DATA EXCERPT >>
_____
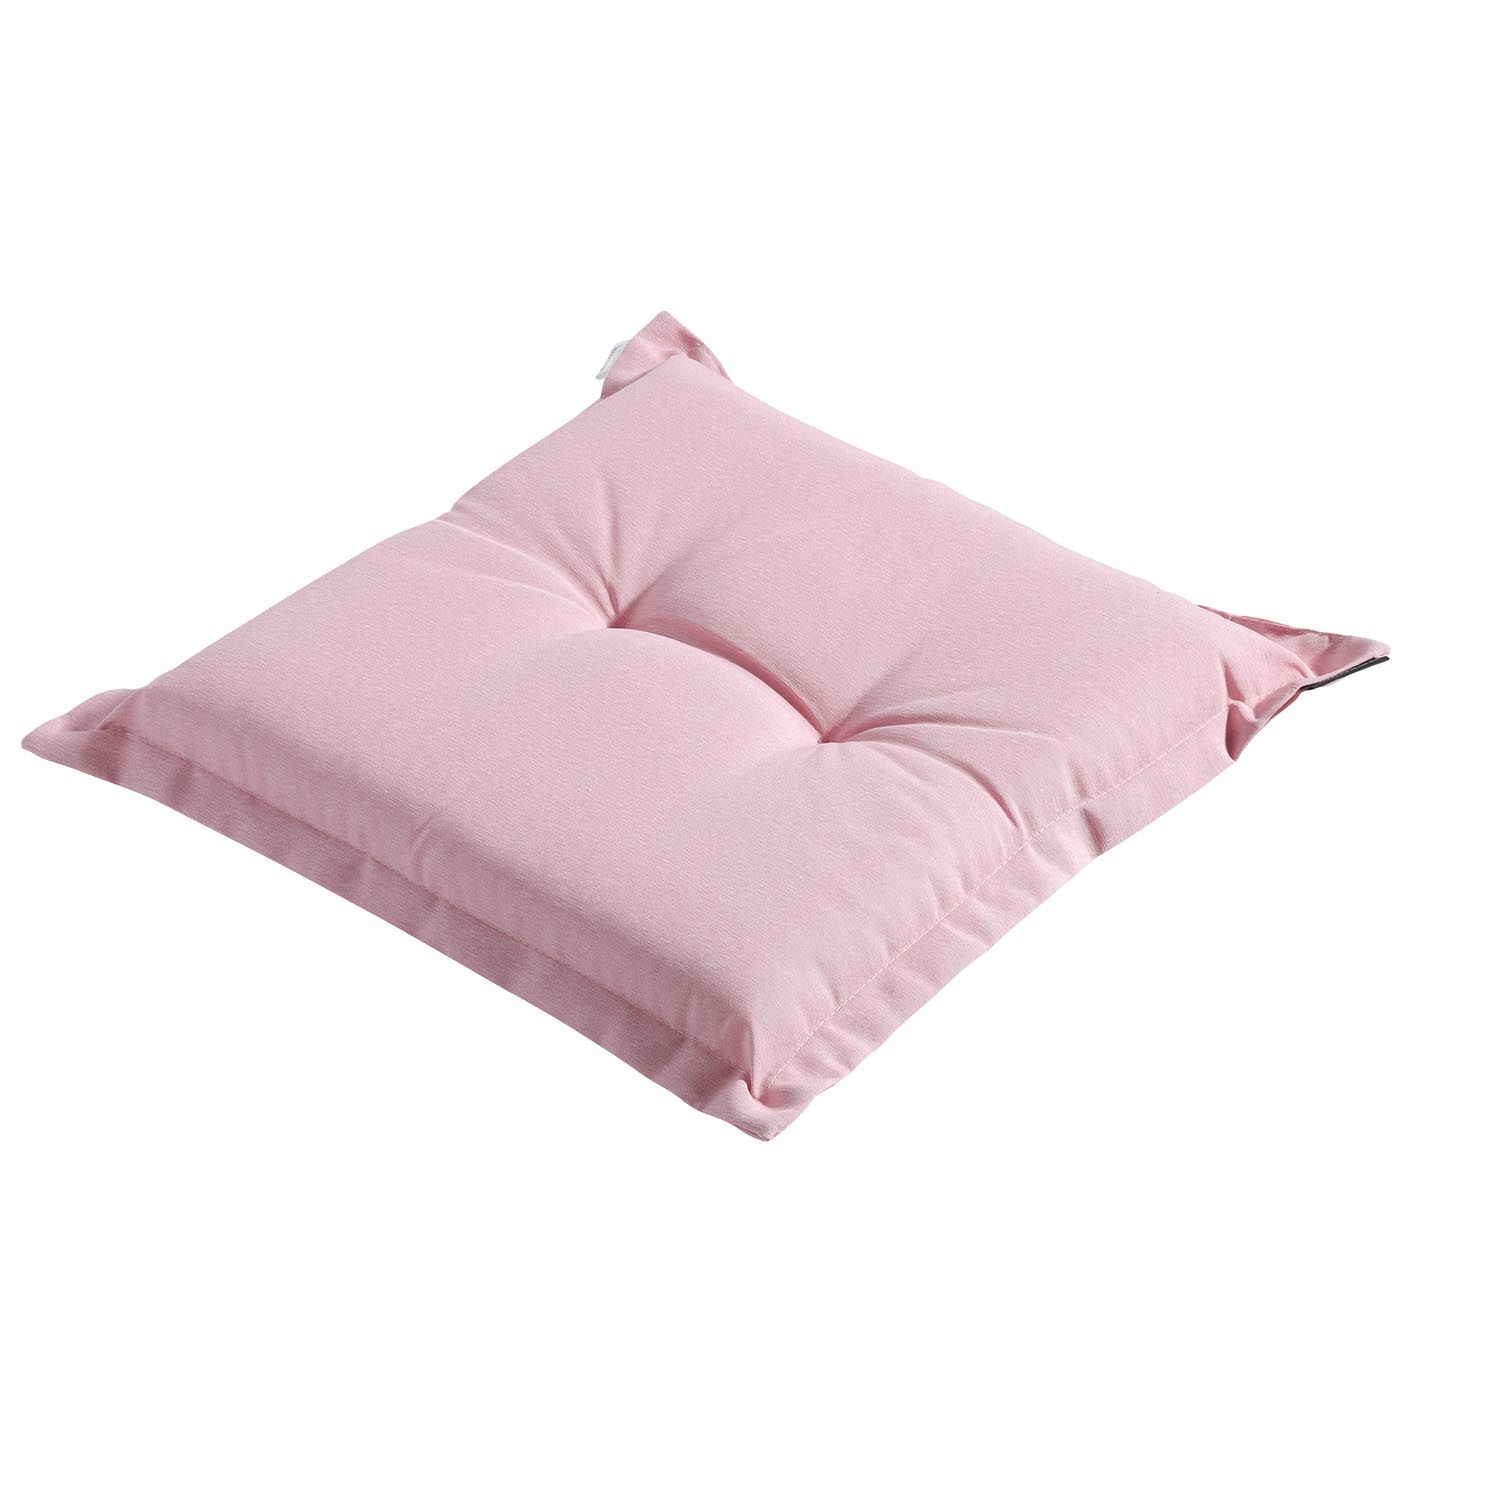 Hockerauflage 50x50cm - Panama soft pink
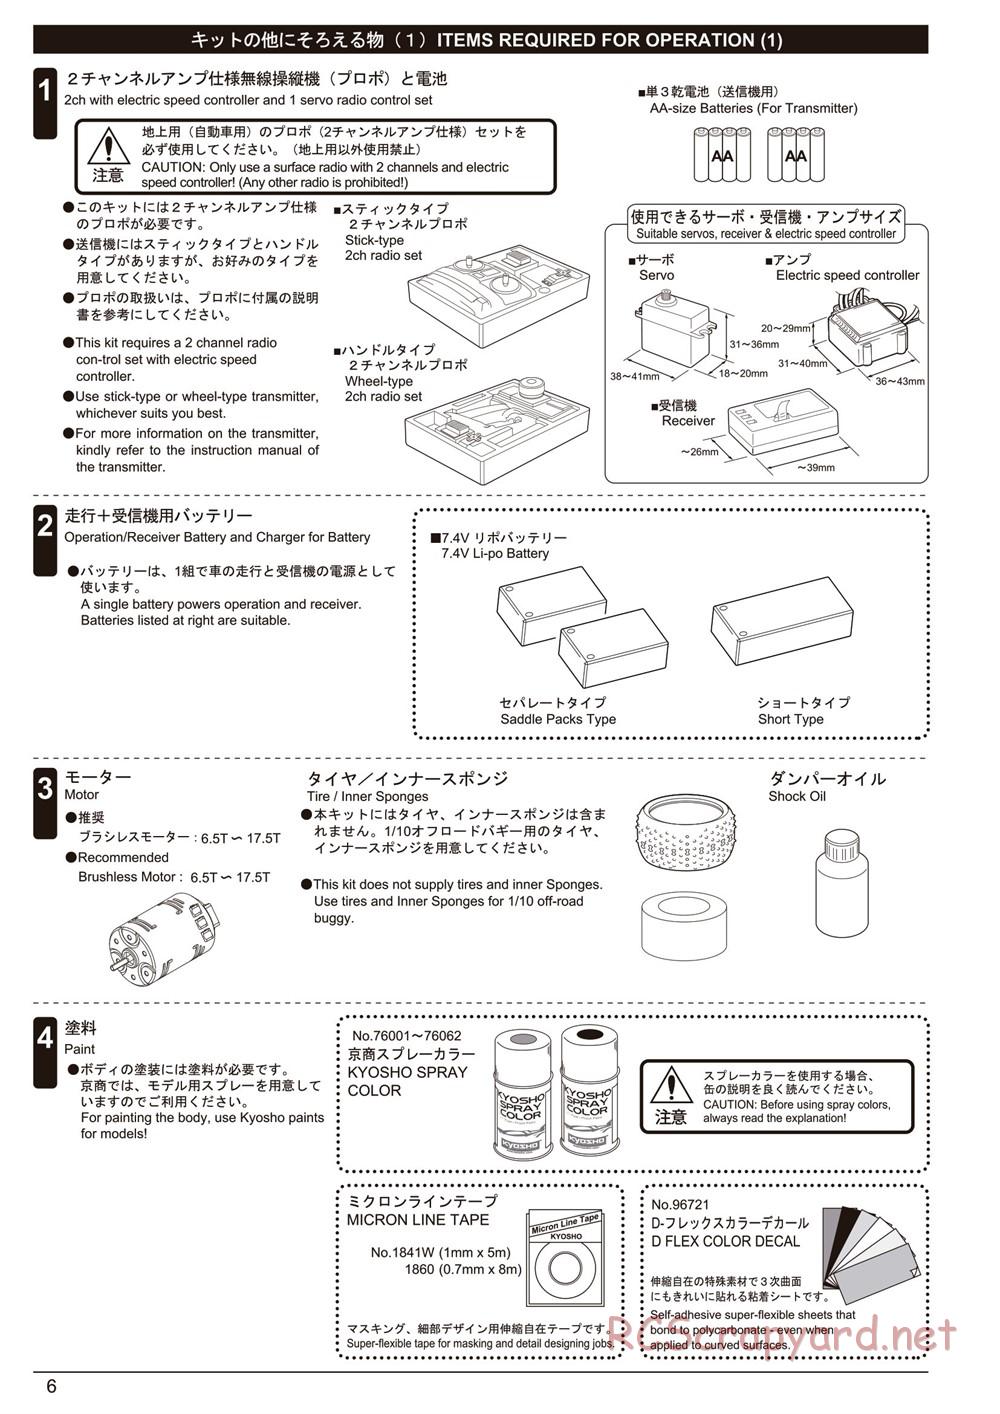 Kyosho - Lazer ZX6.6 - Manual - Page 6
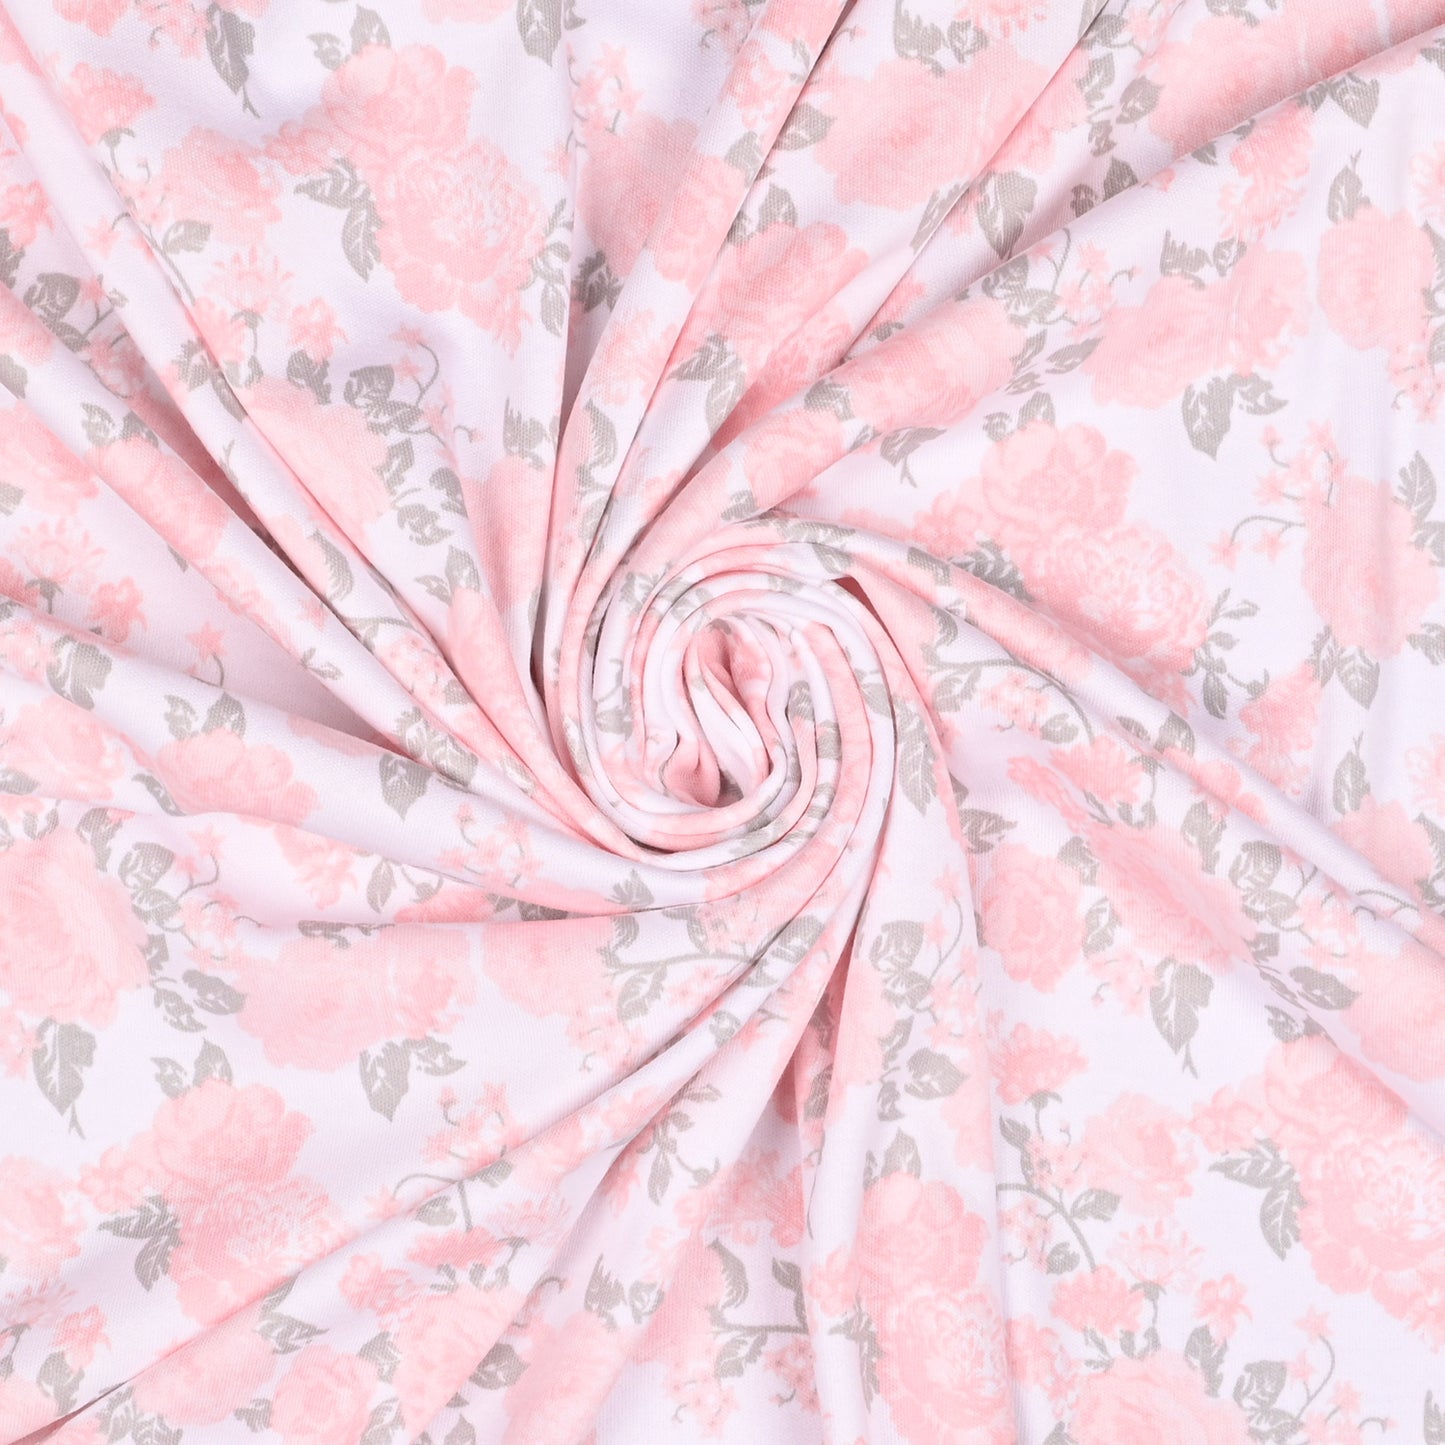 Cotton Knit Pink Floral
_____
WHAT THIS TASK INVOLVES >>
Everything in the listing above is to be given again exactly, apart from the pictures.

RESPONSE TO THIS TASK >>
 Hockerauflage 50x50cm - Panama soft pink
 Kyosho - Lazer ZX6.6 - Manual - Page 6
 Cotton Knit Pink Floral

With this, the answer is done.